Мои слова подбодрили маленького торгаша.
— А я не только умею хорошо готовить, вообще всё умею.
— Ну, — я налил себе чайку, — помни об одном выражении: человек, который хвастается, что всё умеет, на самом деле не умеет ничего.
— Это неправда, я не вру.
— А я не говорю конкретно про тебя. Просто подумай над этим и выбери себе в жизни что-то одно, в чём ты будешь лучше всех. Тогда-то тебя и начнут уважать окружающие.
Кажется, мои слова заставили его задуматься, ну или мне показалось — неважно. Сегодня я планировал наклепать теневых ножей. Закончив перекус и, под удивлённые взгляды Ицхака и других прохожих, я отправился на пробежку. Хорошенько пропотев и выполнив упражнения с собственным весом, я обмылся и посвежевший, в простой белой рубахе подошёл к зачаровальному столу.
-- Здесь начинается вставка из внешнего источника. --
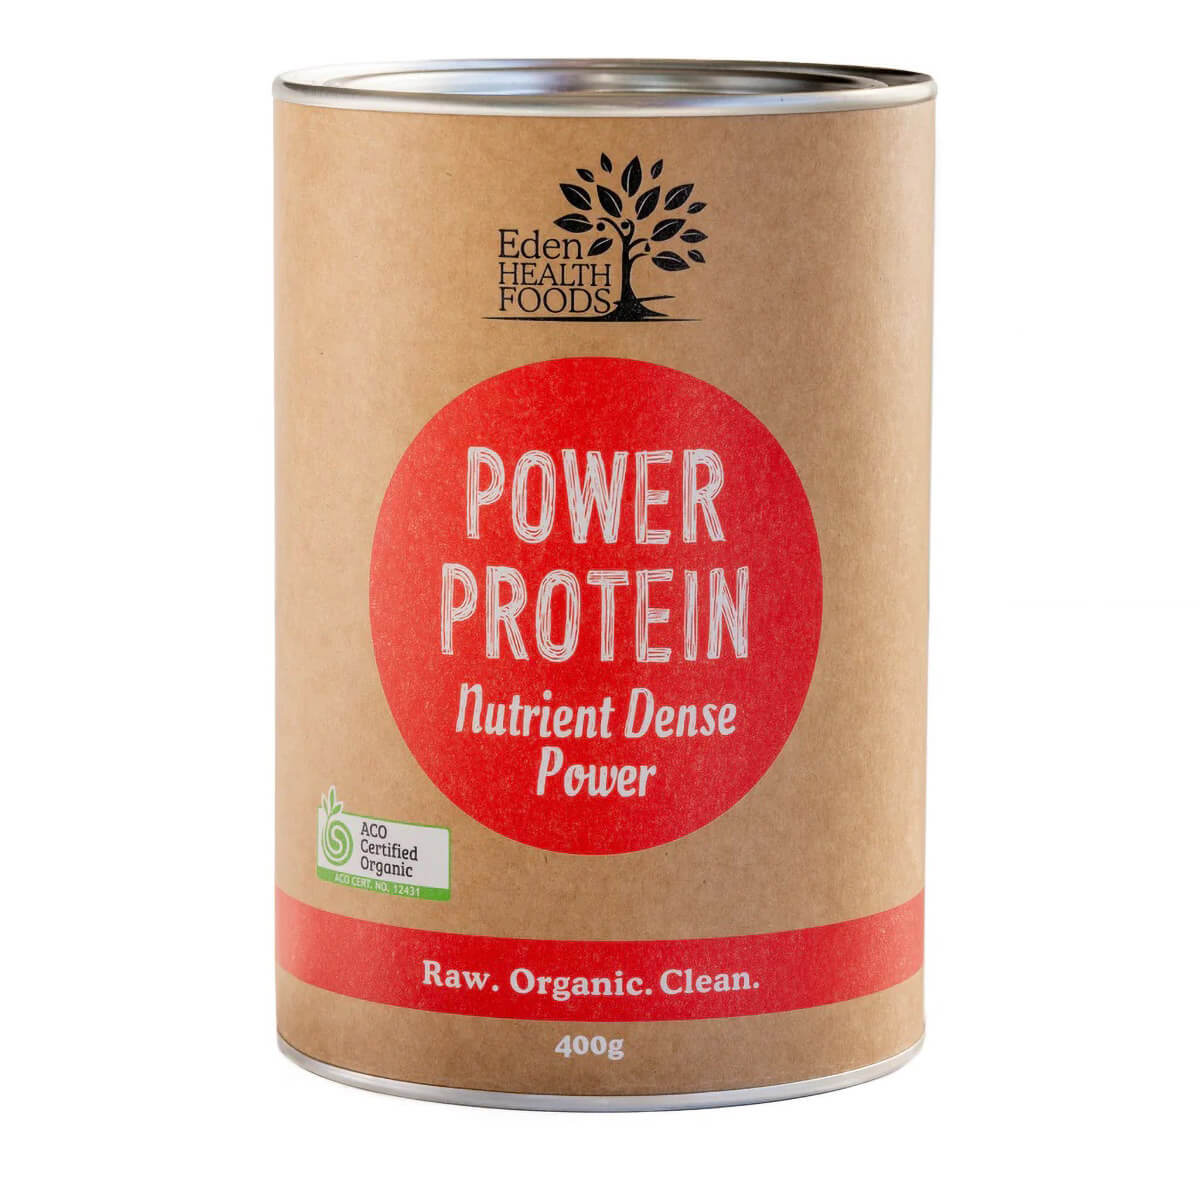 Power Protein - Nutrient Dense Power - 400g - Eden Healthfoods

Много веков на нём делали артефакторные произведения искусства, а он всё стоял непоколебимый. Я собирался продолжить эту традицию. Семён уже закупил по моему приказу пять болванок ножей. Я шёл к данному моменту ещё до приезда в Бастион. Книги по теневому зачарованию поглощались одна за другой, потому сегодняшний «бой» со сталью я выдержал с честью.
Иногда нож исчезал во всполохах тьмы, попадая в потусторонний мир, и приходилось терпеливо ждать, пока он появится. Самостоятельно туда лезть рукой не стоило — навыков маловато. Из-за этого, казалось, будто он живёт своей жизнью. Не зачарование, а укрощение какое-то. Именно что укрощение.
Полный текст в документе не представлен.